[英]Pyspark DataFrame Filter column based on a column in another DataFrame without join
I have a pyspark dataframe called df1
that looks like this:我有一个名为
df1
的 pyspark dataframe,如下所示:
ID1 ![]() |
ID2 ![]() |
---|---|
aaaa![]() |
a1 ![]() |
bbbb ![]() |
a2 ![]() |
aaaa![]() |
a3 ![]() |
bbbb ![]() |
a4 ![]() |
cccc ![]() |
a2 ![]() |
And I have another dataframe called df2
that looks like this:我还有另一个名为
df2
的 dataframe,如下所示:
ID2_1 ![]() |
ID2_2 ![]() |
---|---|
a2 ![]() |
a1 ![]() |
a3 ![]() |
a2 ![]() |
a2 ![]() |
a3 ![]() |
a2 ![]() |
a1 ![]() |
where the values of the ID2 in the first dataframe matches to the values in columns ID2_1, ID2_2 in the second dataframe.其中第一个 dataframe 中 ID2 的值与第二个 dataframe 中 ID2_1、ID2_2 列中的值匹配。

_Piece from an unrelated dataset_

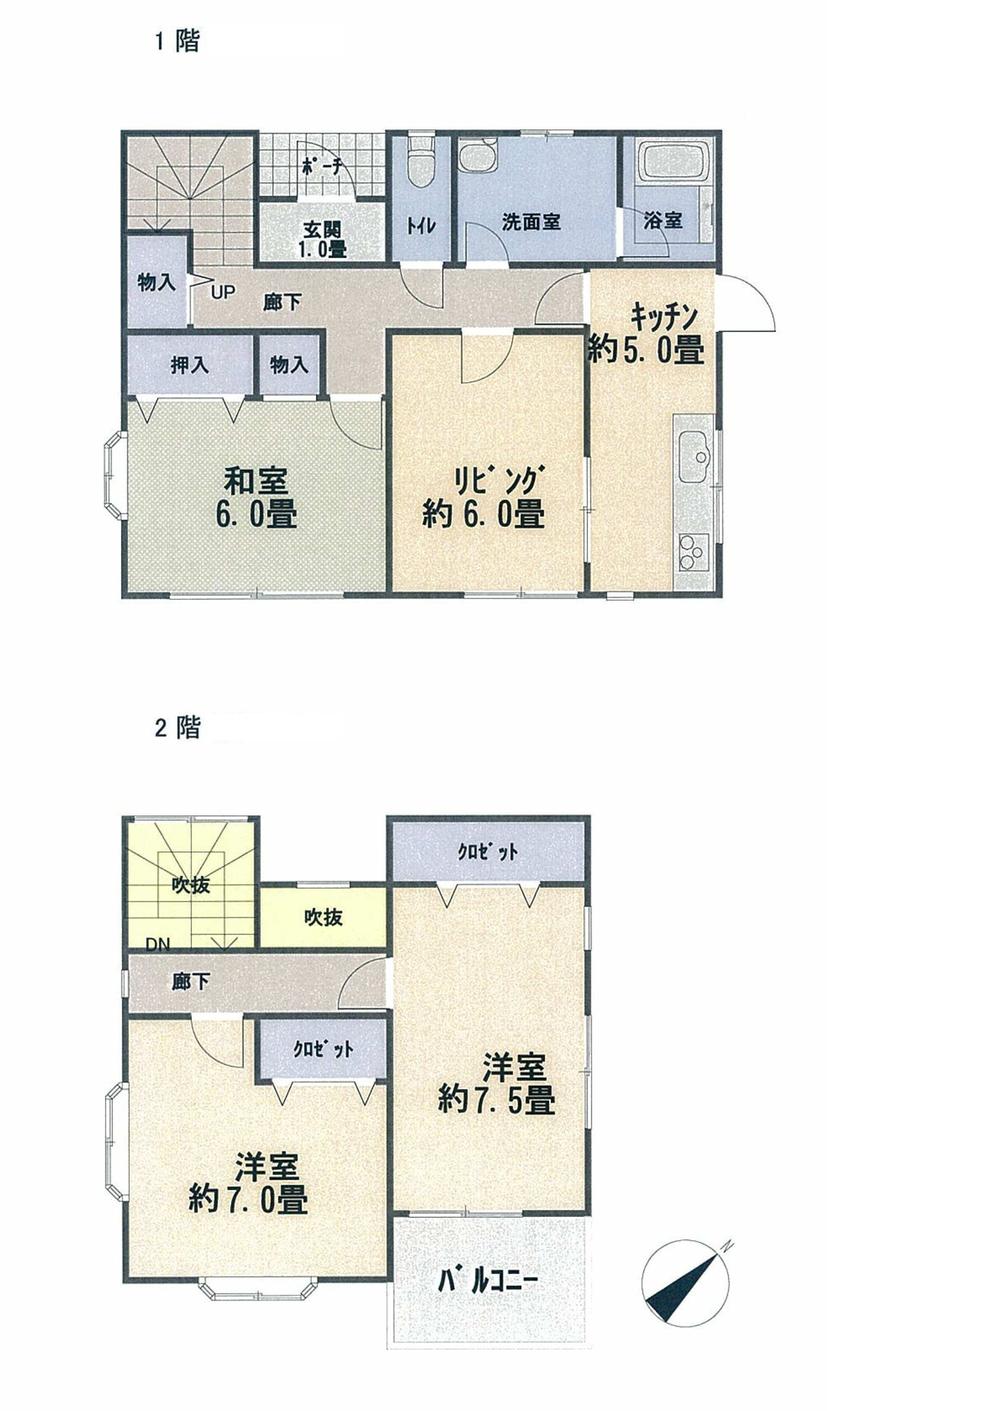 Floor plan. 22 million yen, 3LK, Land area 740.43 sq m , Building area 103 sq m

So the resultant dataframe will look like this:因此,结果 dataframe 将如下所示:
ID1 ![]() |
ID2 ![]() |
---|---|
aaaa![]() |
a1 ![]() |
bbbb ![]() |
a2 ![]() |
aaaa![]() |
a3 ![]() |
cccc ![]() |
a2 ![]() |
(fourth line was filtered out) (第四行被过滤掉了)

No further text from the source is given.